* [Task goal]:
Only the lines from the one with "दिग्गज भारतीय खिलाड़ी" through the end of the data below belong in the answer, restated word for word, pictures excluded.

* [Exercise data]:

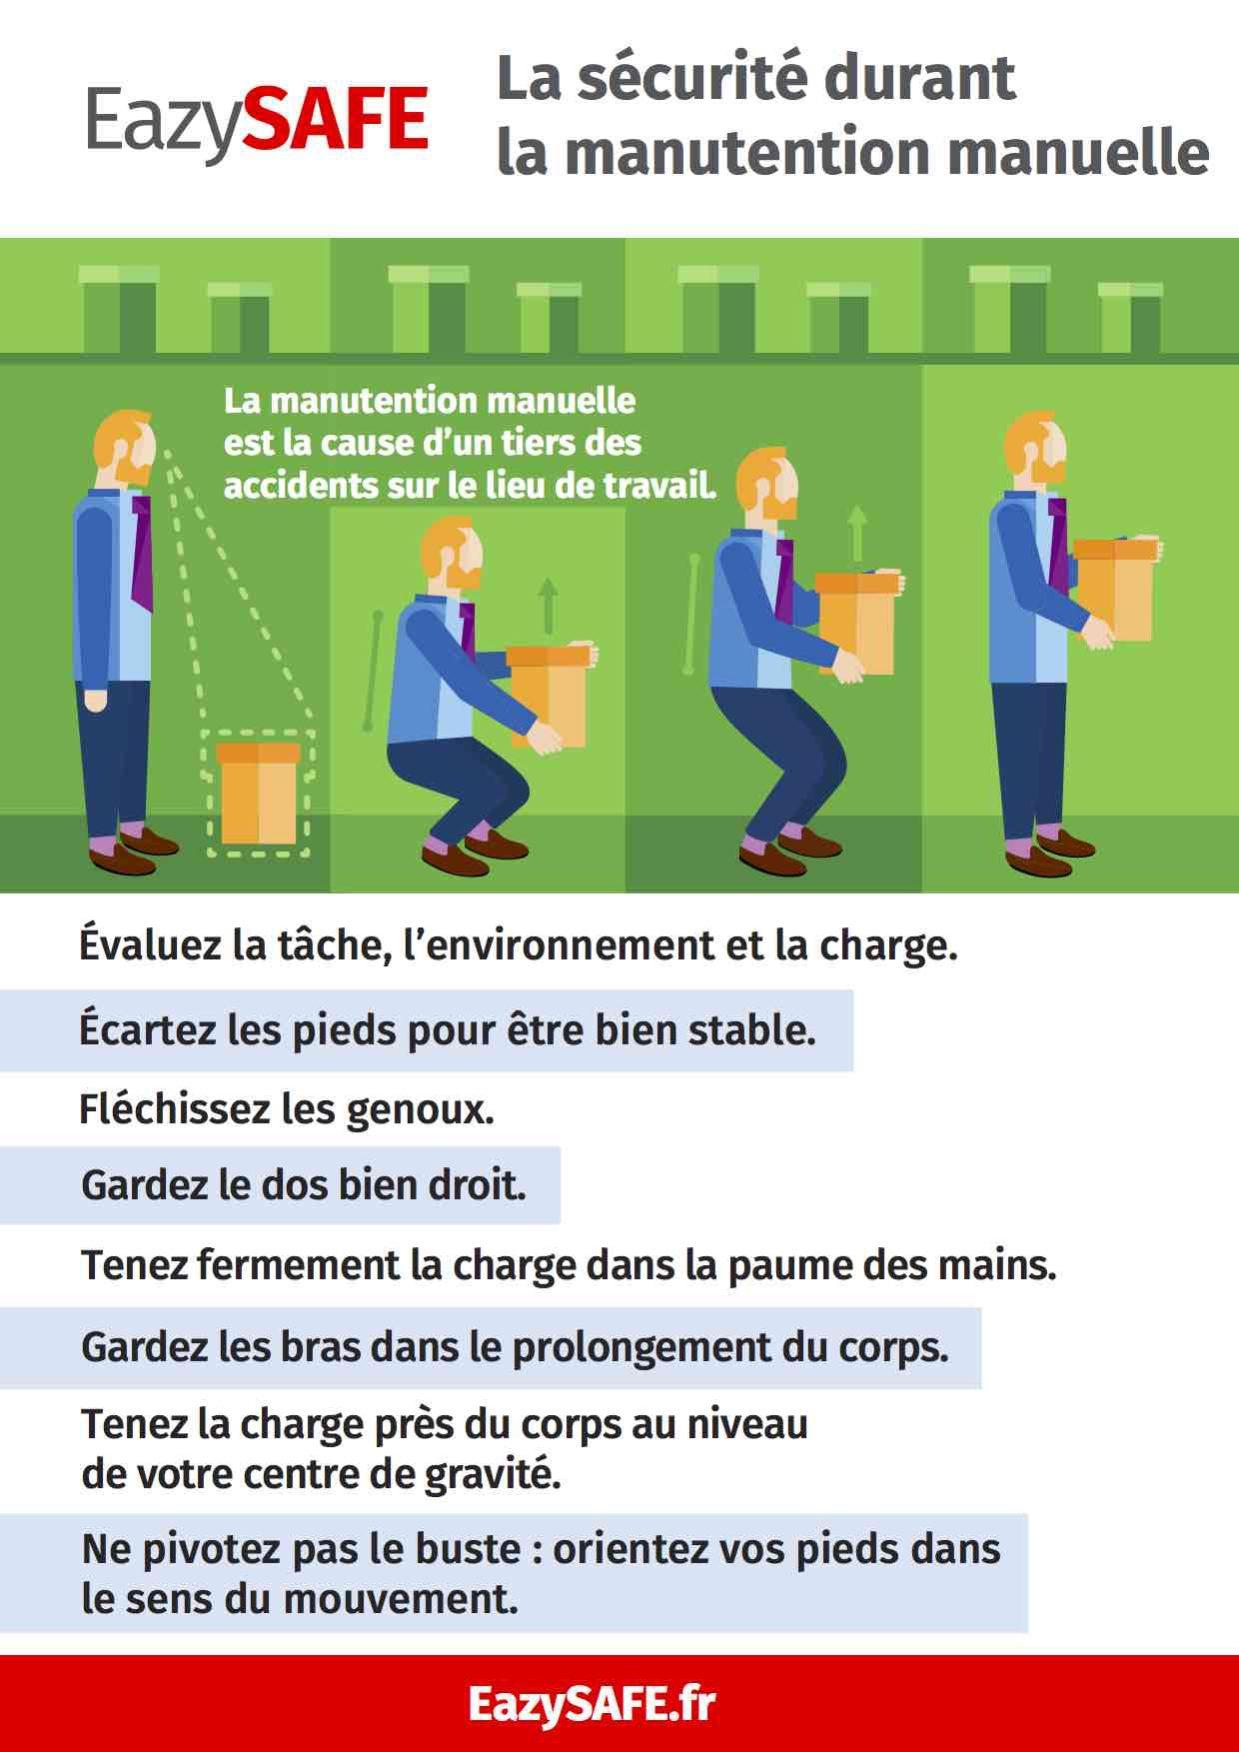 poster eazysafe manutention
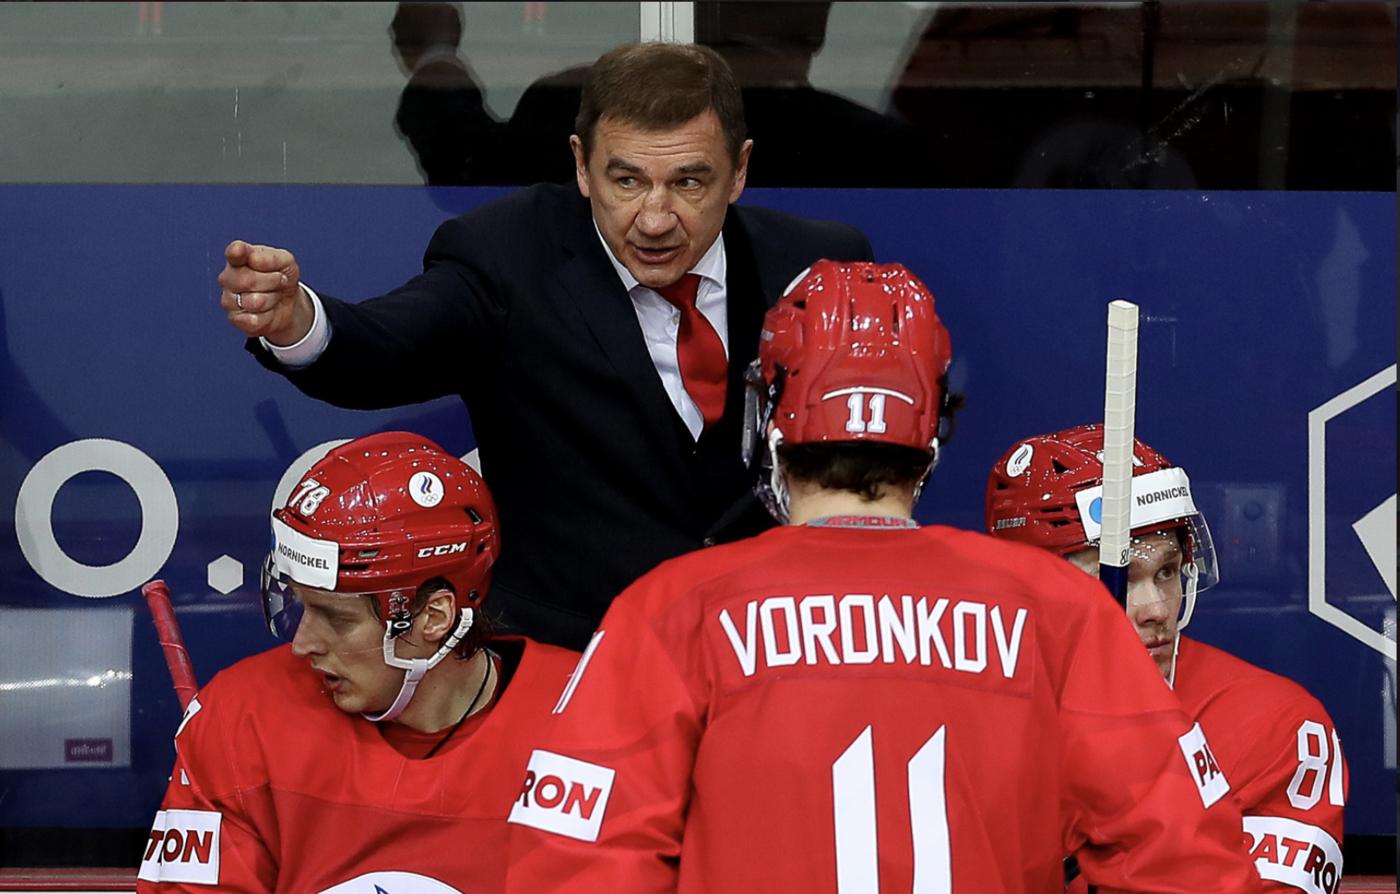 Кожевников: Сборной России не надо бойкотировать чемпионат мира! - фото
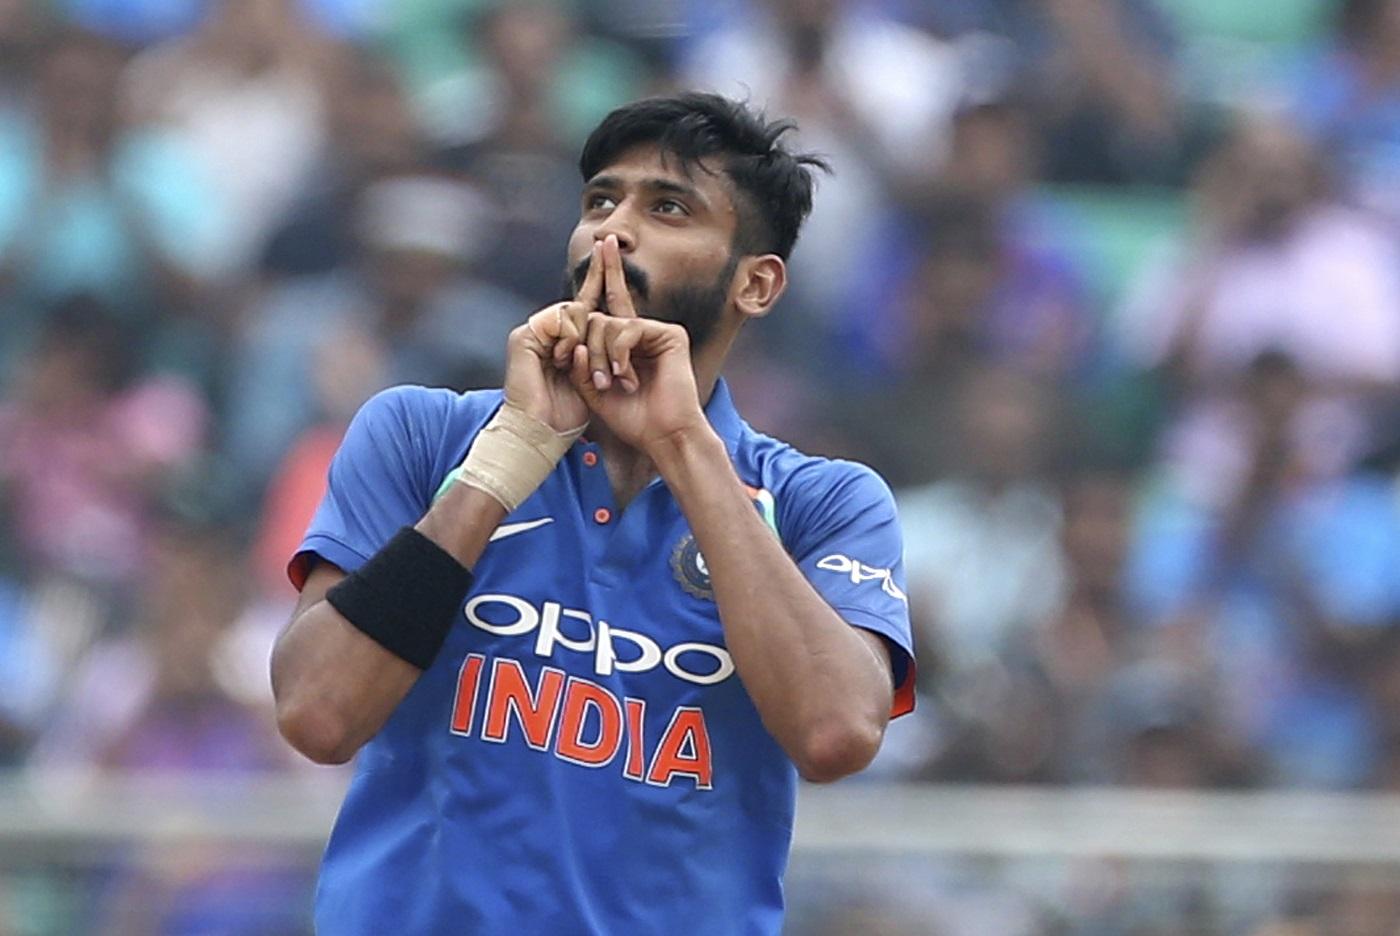 दिग्गज भारतीय खिलाड़ी का कटाक्ष, 'खलील अहमद अंतरराष्ट्रीय स्तर पर खेलने लायक नही' 11
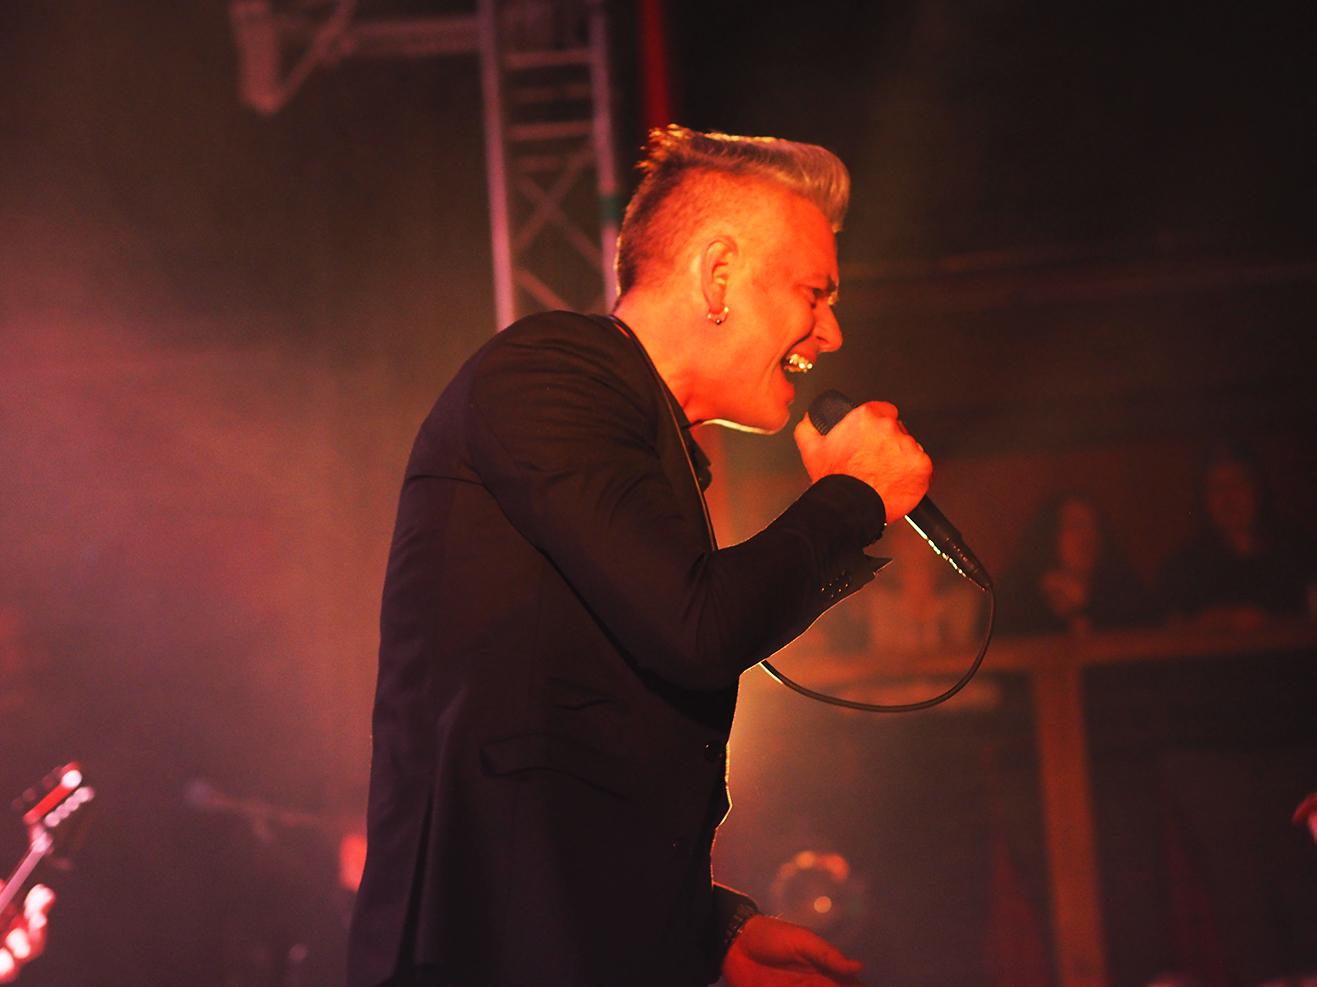 Janove: – Livemusikk må ikke bli en døende ting

* [Task answer]:
 दिग्गज भारतीय खिलाड़ी का कटाक्ष, 'खलील अहमद अंतरराष्ट्रीय स्तर पर खेलने लायक नही' 11
 Janove: – Livemusikk må ikke bli en døende ting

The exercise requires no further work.